Home droid workshop

Building Sonny from real systems.

AZ Droid Works is a small robotics lab building Sonny, a friendly home droid whose current brain lives on a durable VM while Raspberry Pi edge modules handle the physical world: voice capture, speaker playback, expressive eyes, sensors, and eventually the mobile base.

First build

Sonny

Sonny Droid

Sonny is the first AZ Droid Works build: a practical companion-droid prototype with a VM-centered brain, MQTT messaging, local speech paths, Pi voice and face nodes, and Mission Control for operator visibility.

Build signals

BrainVM host
EdgeRaspberry Pi modules
InterfaceVoice + face
OpsMission Control

Current architecture

A droid brain on the VM, edge modules on the robot.

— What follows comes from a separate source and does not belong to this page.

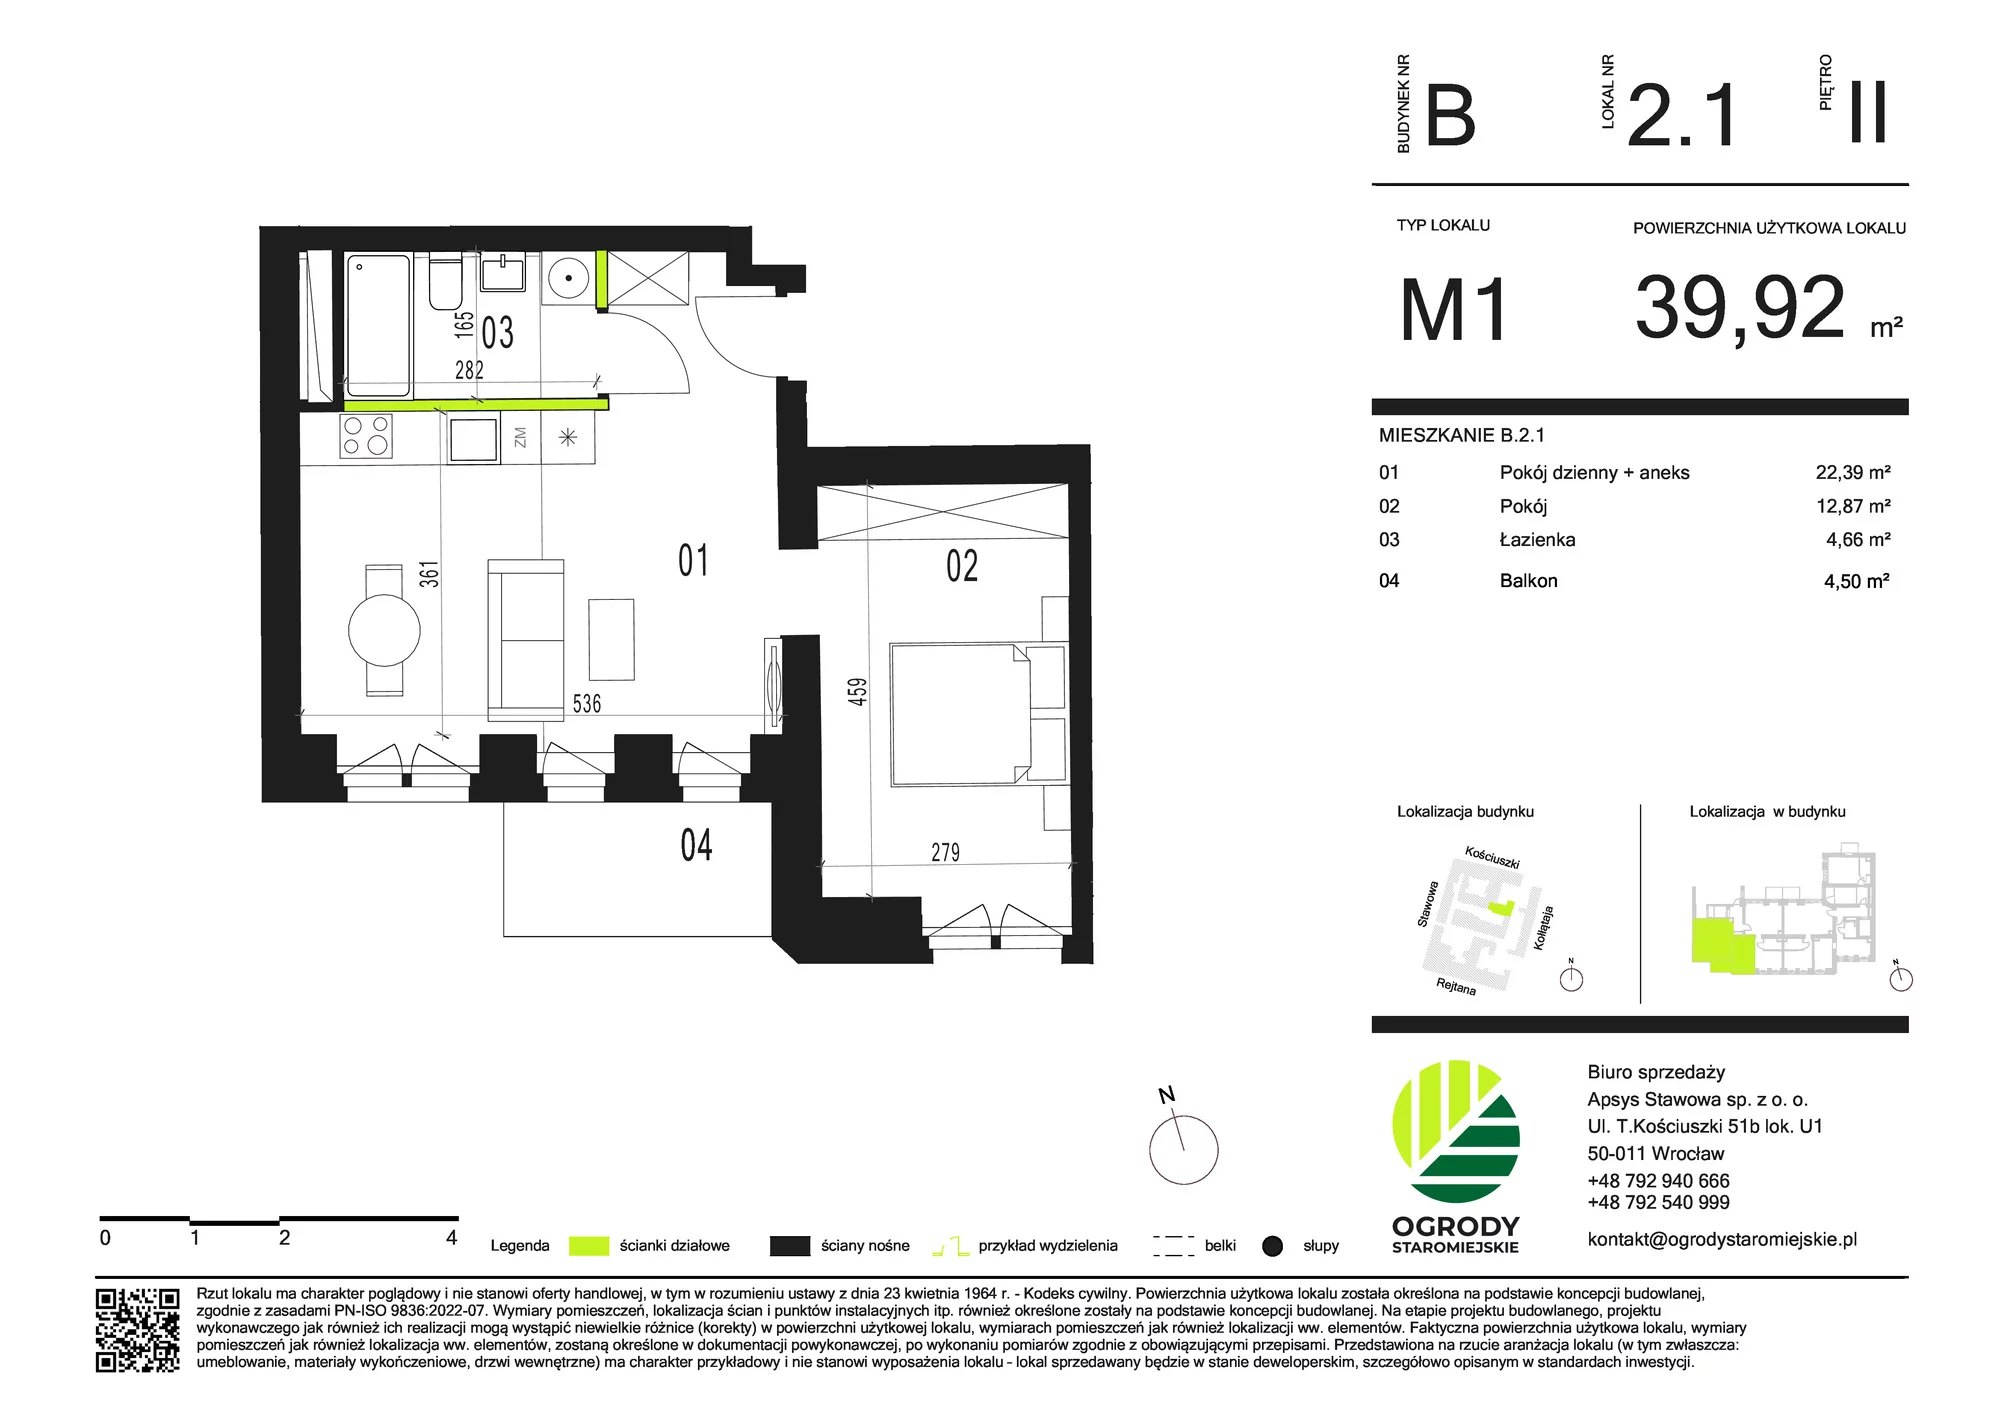 Mieszkanie 39,92 m², piętro 2, oferta nr B.2.1, Ogrody Staromiejskie, Wrocław, Przedmieście Świdnickie, ul. Stawowa 10

The source of truth is the Sonny repo and build docs; this site is the public field note.

VM Brain

The always-on brain host owns orchestration, memory context, route selection, STT/TTS, MQTT command publishing, and high-level state for voice and face behavior.

Pi Edge Modules

Raspberry Pi nodes keep hardware close to the body: microphone capture, wake/capture flow, speaker playback, animated eyes, sensors, and later base safety control.

Mission Control

The operator dashboard exists so Sonny can be observed, tested, and debugged without guessing what the robot thinks it is doing. Charming, but not mysterious. Mostly.

Build log

What is real right now.

Public summary, not the operational runbook.

Head / face

Serviceable v1 head direction with expressive eye displays, camera and audio openings, Pi-based face control, and operator-adjustable face states.

Voice

Wake/capture, STT, local response routing, TTS, and inline MQTT audio playback are being hardened around a low-latency home-assistant-style voice path.

Body / base

The base is still a later subsystem. The current architecture keeps drive and safety control out at the edge instead of burying it inside the conversational brain.

Lab direction

Robots with character, built one subsystem at a time.

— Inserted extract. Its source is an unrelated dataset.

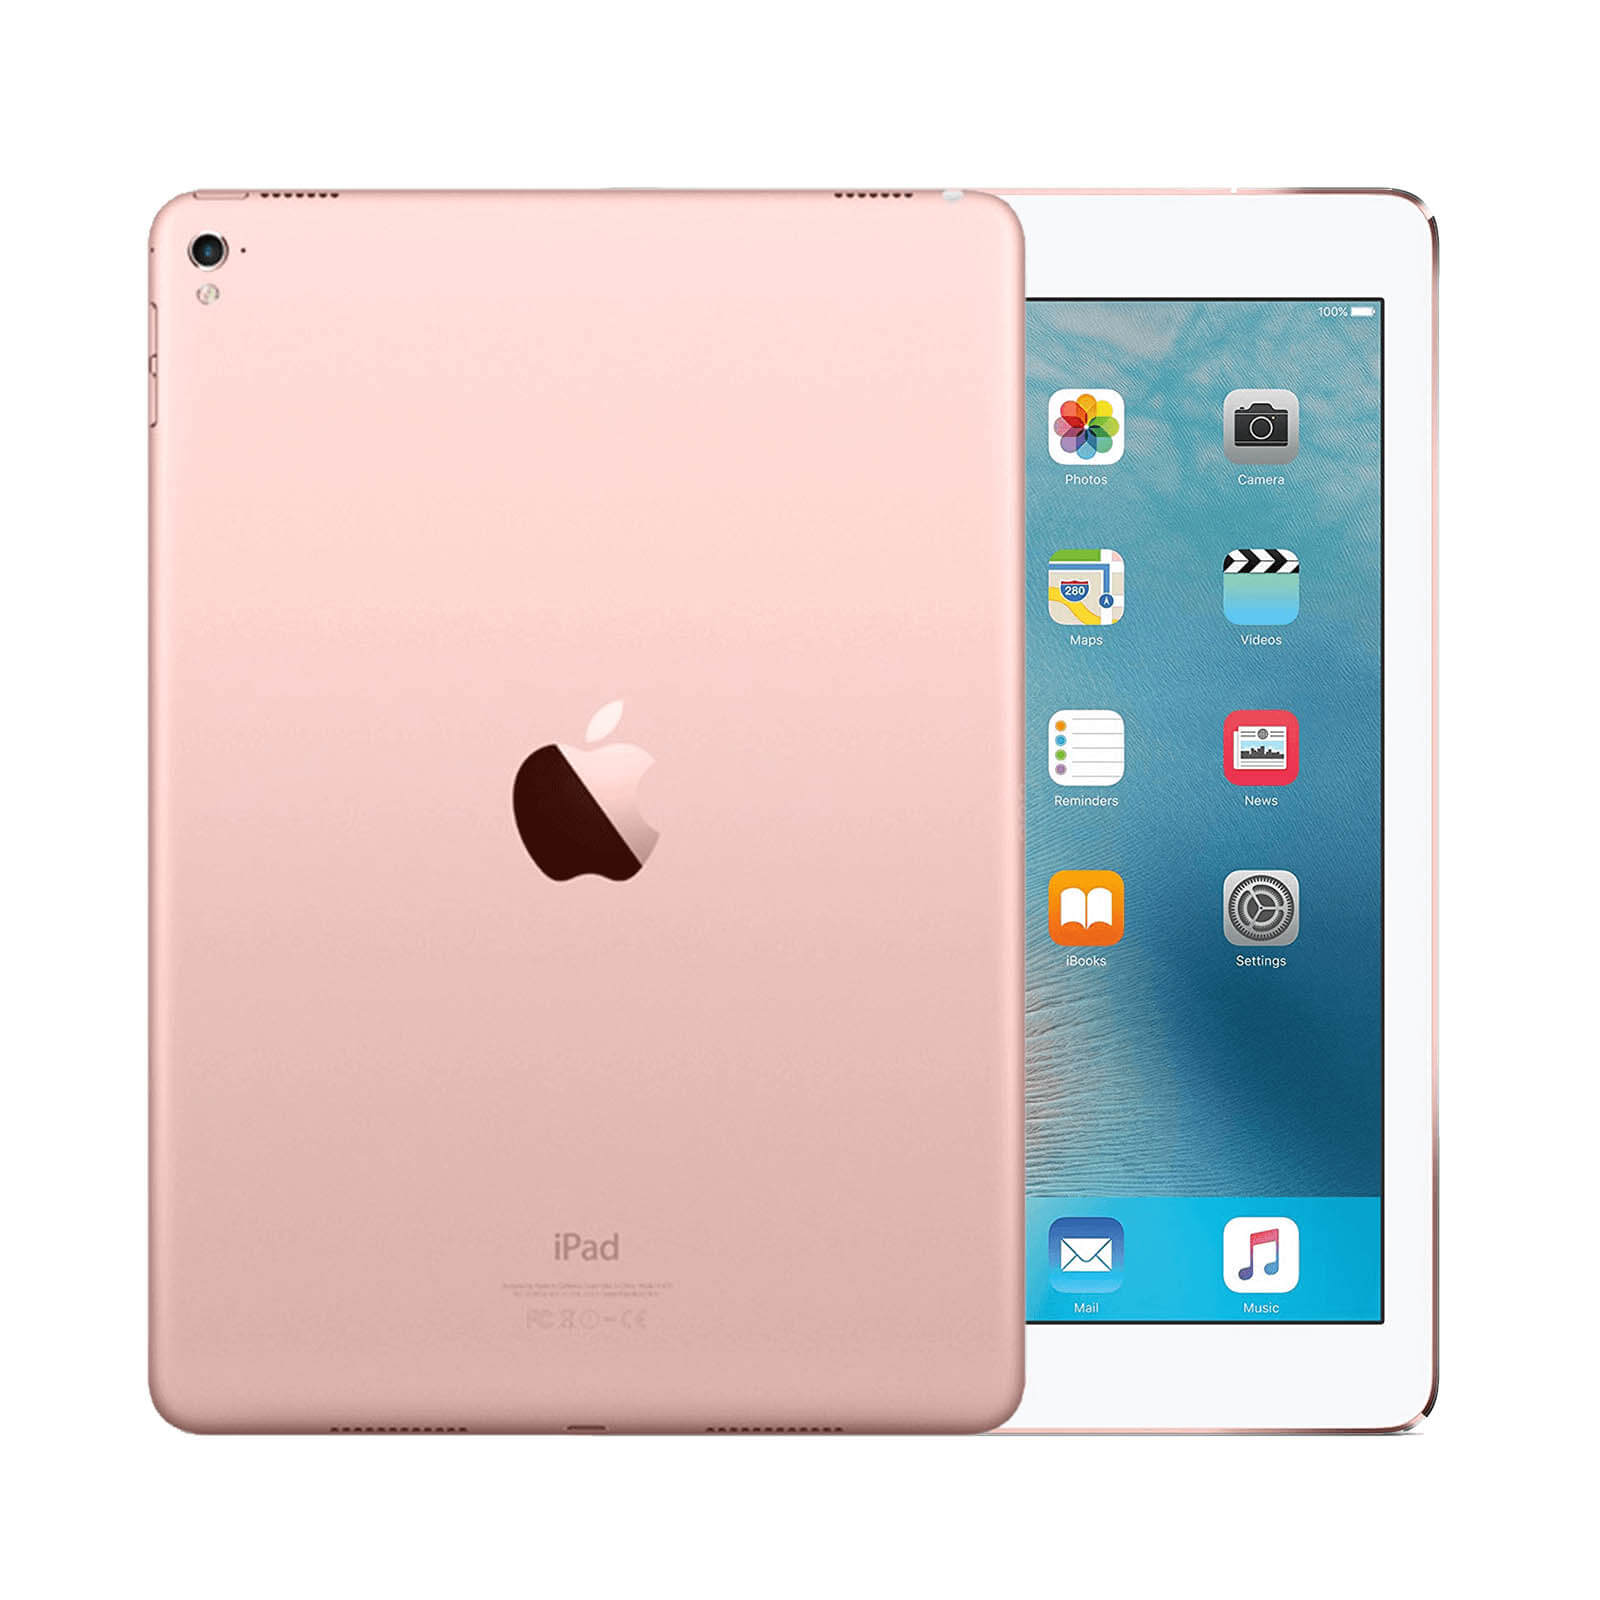 iPad Pro 9.7 Inch 128GB Rose Gold Good - WiFi

Readable systems. Repeatable builds. Real-world behavior.

Expressive Presence

Face, voice, attention, and timing matter. A good droid should feel understandable before it feels complicated.

Modular Engineering

Brains, sensors, displays, audio, and mobility should be testable pieces with clear contracts between them.

Operator Visibility

Mission Control-style dashboards and runbooks make the robot easier to debug, improve, and trust.